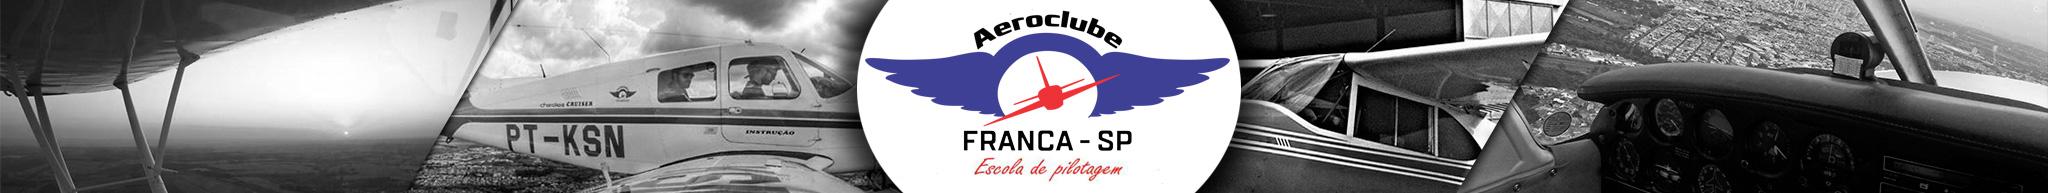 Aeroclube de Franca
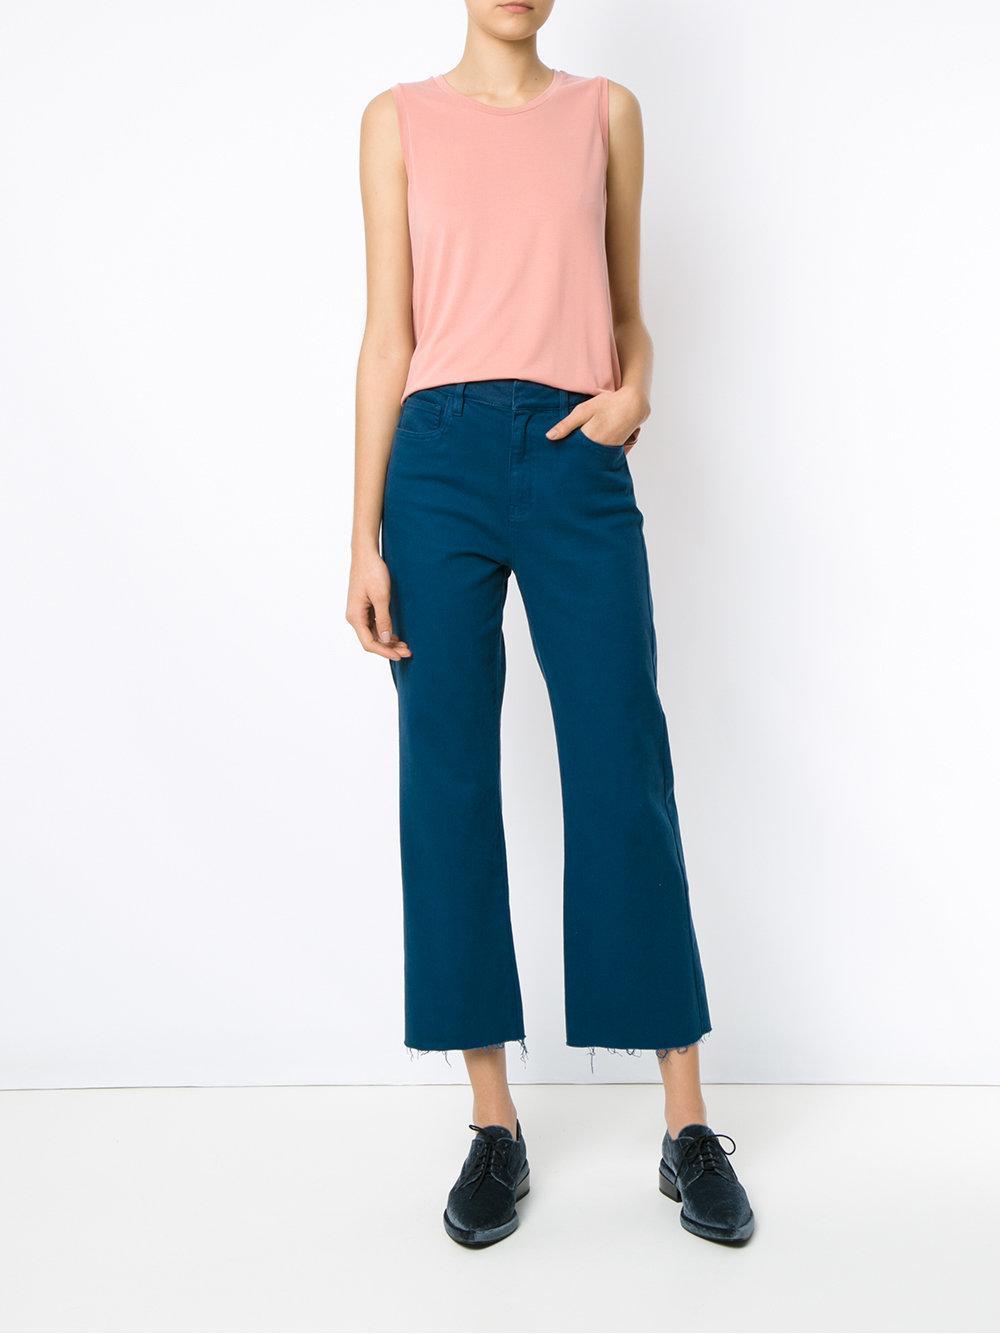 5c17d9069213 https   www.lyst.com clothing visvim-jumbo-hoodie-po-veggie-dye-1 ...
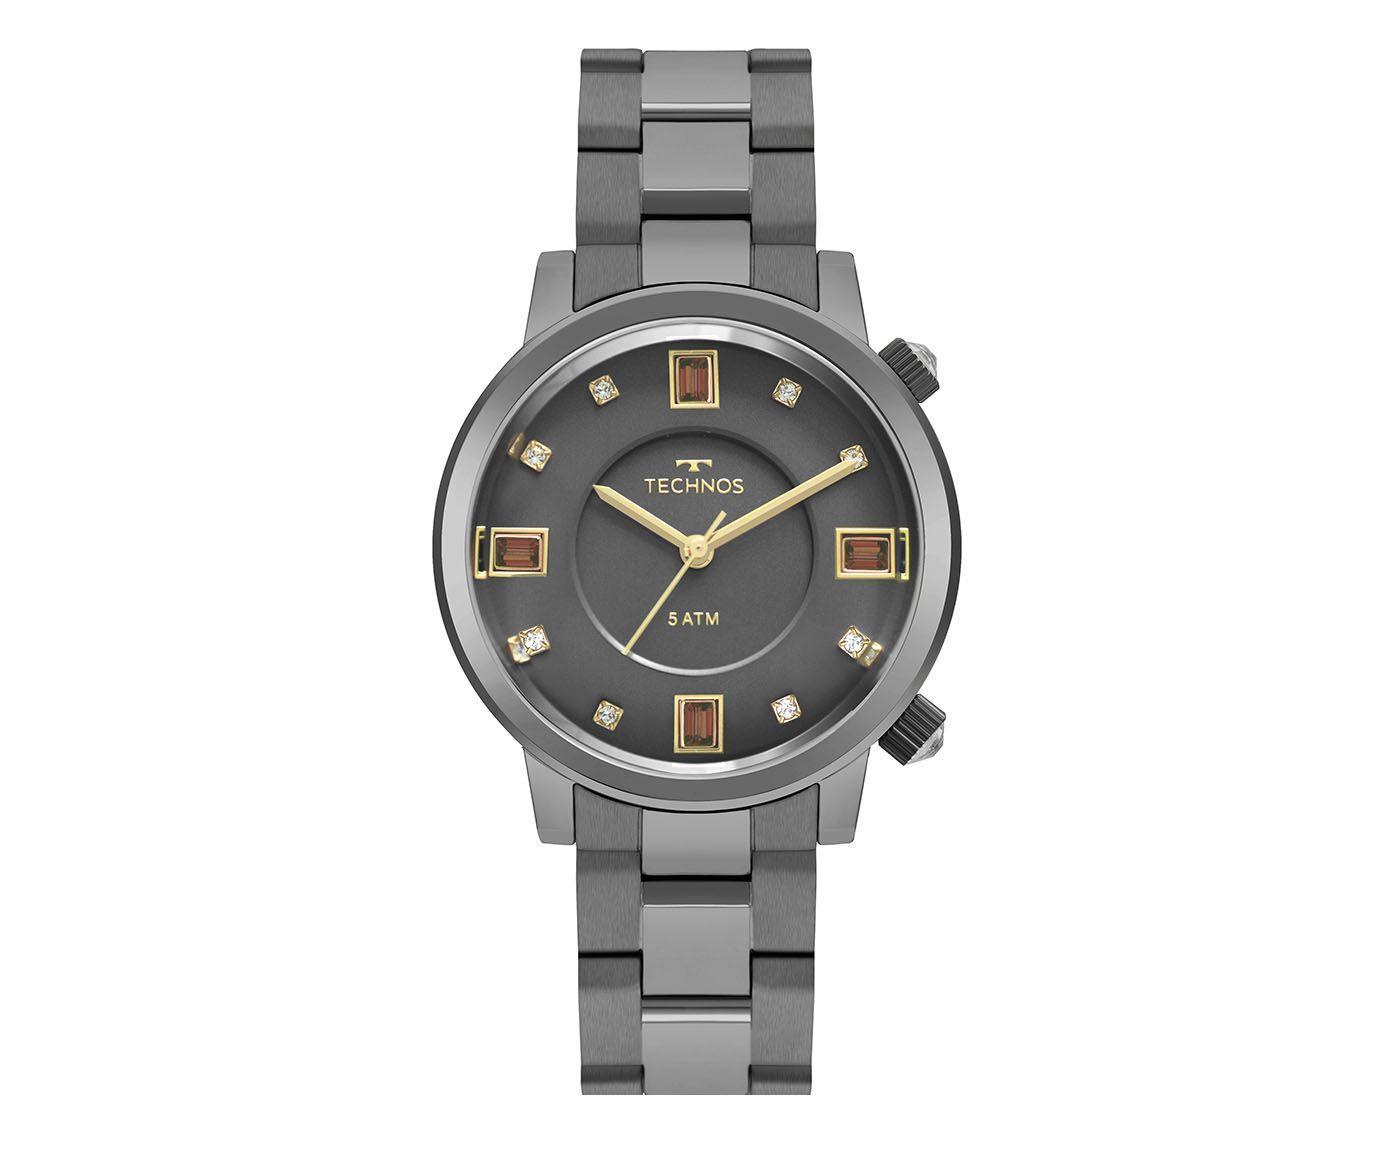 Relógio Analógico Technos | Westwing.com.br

————

*Task statement*: Write out the data above in full and exactly, but without the pictures.

*Exercise solution*:
 Aeroclube de Franca
 5c17d9069213 https   www.lyst.com clothing visvim-jumbo-hoodie-po-veggie-dye-1 ...
 Relógio Analógico Technos | Westwing.com.br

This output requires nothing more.